Она была слишком молода, чтобы носить корсет. Она стояла совершенно обнаженная, ее красная кожа сияла на солнце. Мальчишки столпились вокруг, вытаращив глаза. Один протянул руку и ущипнул ее за сосок.

 

‘У нее еще даже сисек толком нет, - пожаловался он.

 

Люциус подобрал упавшую ветку и сунул ей между ног. Было больно, но Камилла крепко зажмурилась, чтобы сдержать слезы. Она не доставит им такого удовольствия.

 

Она наклонилась, чтобы поднять платье, но Люциус стукнул ее по руке веткой.

 

‘Я с тобой еще не закончил. ’

 

- Убери от нее руки, - раздался голос с вершины насыпи на обочине дороги.

 

Камилла подняла голову. Там стоял Мунго, позади него сияло солнце, и его белая одежда блестела. С тех пор как он получил бриджи, мать всегда одевала его в белое – идеальные миниатюрные костюмы из белого хлопка и шелка. - Мой маленький ангел, - назызвала его Абигайль, но теперь в его оскале не было ничего ангельского.

 

‘Мы просто немного повеселились, - сказал Луций. ‘Это ничего не значит. ’

 

Мунго спрыгнул с насыпи на дорогу.

 

‘Она моя. ’

 

‘Конечно. Но у вас в Уиндемире полно негров. Ты... ’

 

Луций замолчал. Он согнулся пополам, схватившись за лицо, когда кровь потекла сквозь пальцы из носа, который Мунго только что сломал кулаком. Остальные дети уставились на него. Один из них – брат Луция - схватил палку и замахнулся ею на Мунго. Мунго схватил ее в воздухе, вырвал из рук противника и размахнулся с такой силой, что тот перелетел через голову мальчика. Мальчик повернулся и побежал, остальные последовали за ним.

 

Как только они ушли, Камилла рухнула в объятия Мунго. Это было против всех закованных в железо законов, которые управляли ее жизнью, но Мунго не отвергал ее. Он прижал ее к себе, нежно поглаживая по волосам.

 

Наконец она вспомнила, кто она такая.
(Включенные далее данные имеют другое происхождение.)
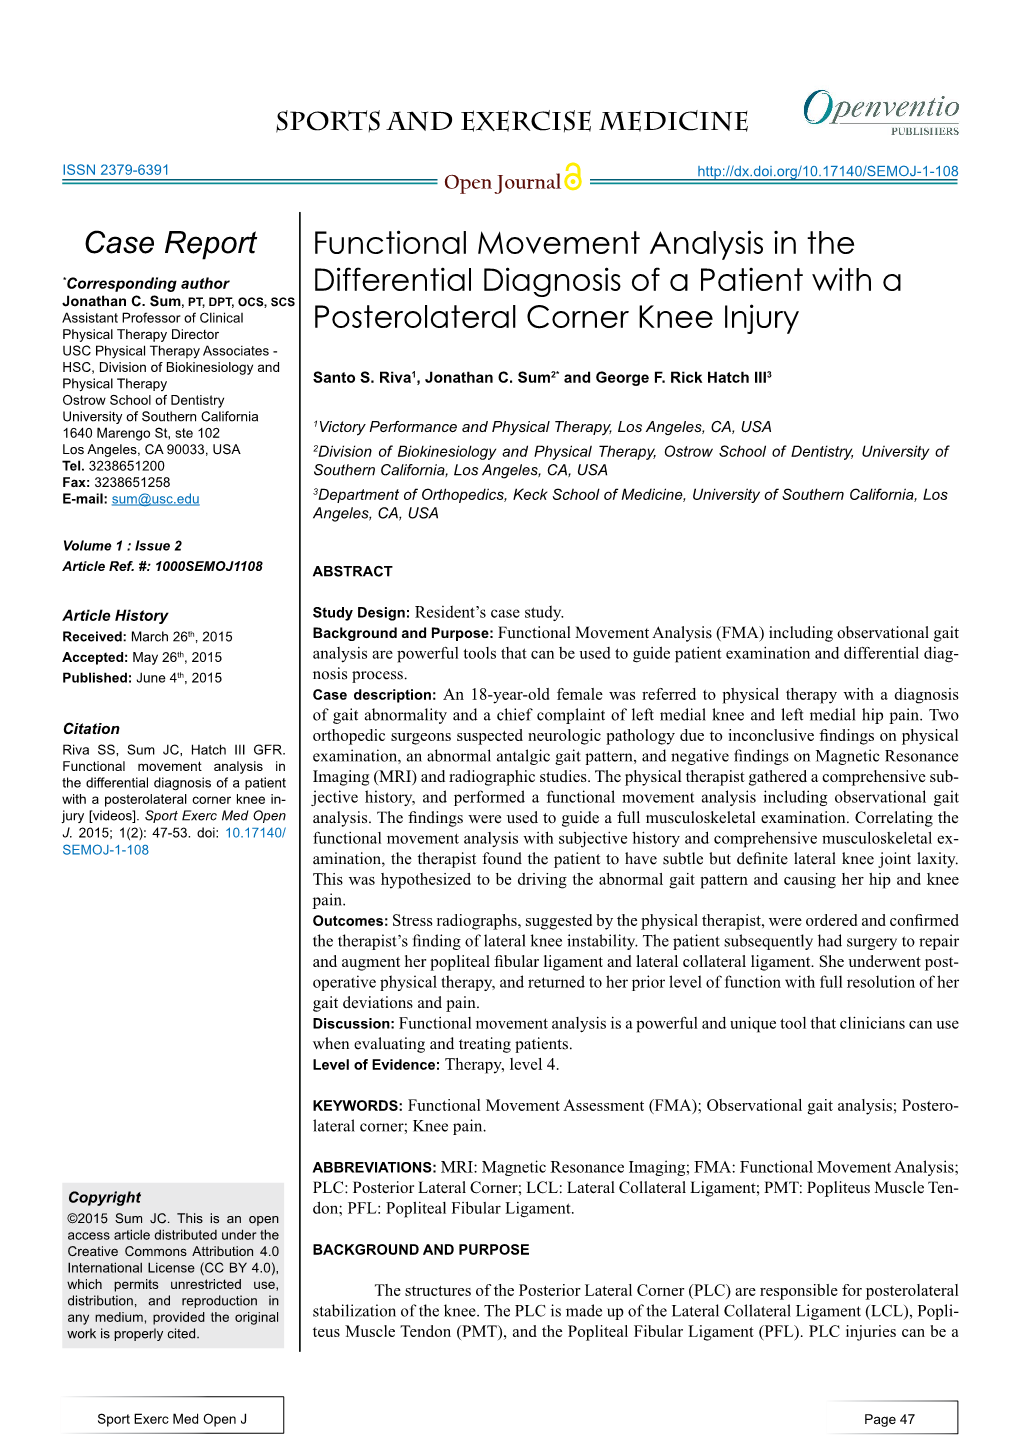 Functional Movement Analysis in the Differential Diagnosis of a Patient Imaging (MRI) and Radiographic Studies

Она отстранилась и надела платье, стыдясь самой себя.

 

- Твой костюм, - сказала она. ‘На нем кровь. Я всю неделю буду в прачечной, чтобы смыть эти пятна. ’

 

Мунго, казалось, не слышал ее. Он протянул руку, погруженный в свои мысли, и завязал шнурки ее платья.

 

‘Если кто-нибудь снова причинит тебе боль, скажи мне, и я убью его. ’

 

И хотя он улыбался, а это было абсурдно для белого человека говорить рабыне, свирепый взгляд его дымчато-желтых глаз заставил ее поверить ему полностью.

 

В конце лета он отплыл в Англию и Итон. Его не было пять лет. Сначала Камилла была убита горем, но потом смирилась. Шли годы, и она превратилась в молодую женщину; в Уиндемире было более чем достаточно дел, чтобы занять ее мысли. Но она никогда не забывала Мунго. Иногда она писала ему маленькие записки, старательно переписанные при свечах поздно ночью, когда другие рабы спали. Она знала, что Абигейл не одобрила бы переписку рабыни с ее сыном – даже читать и писать было преступлением для рабыни – поэтому она вставляла их в письма Абигейл, когда та несла их на почту. Конечно, Мунго никогда не мог ответить Камилле, но иногда Абигайл читала вслух отрывок из одного из его писем - " Камилла будет прекрасно смотреться в платьях, которые носит горничная леди Кавендиш" или " Я купался в Темзе; здесь намного холоднее, чем когда я плавал на «Джеймсе» с Камиллой - и Камилла в глубине души знала, что он это сделал для нее.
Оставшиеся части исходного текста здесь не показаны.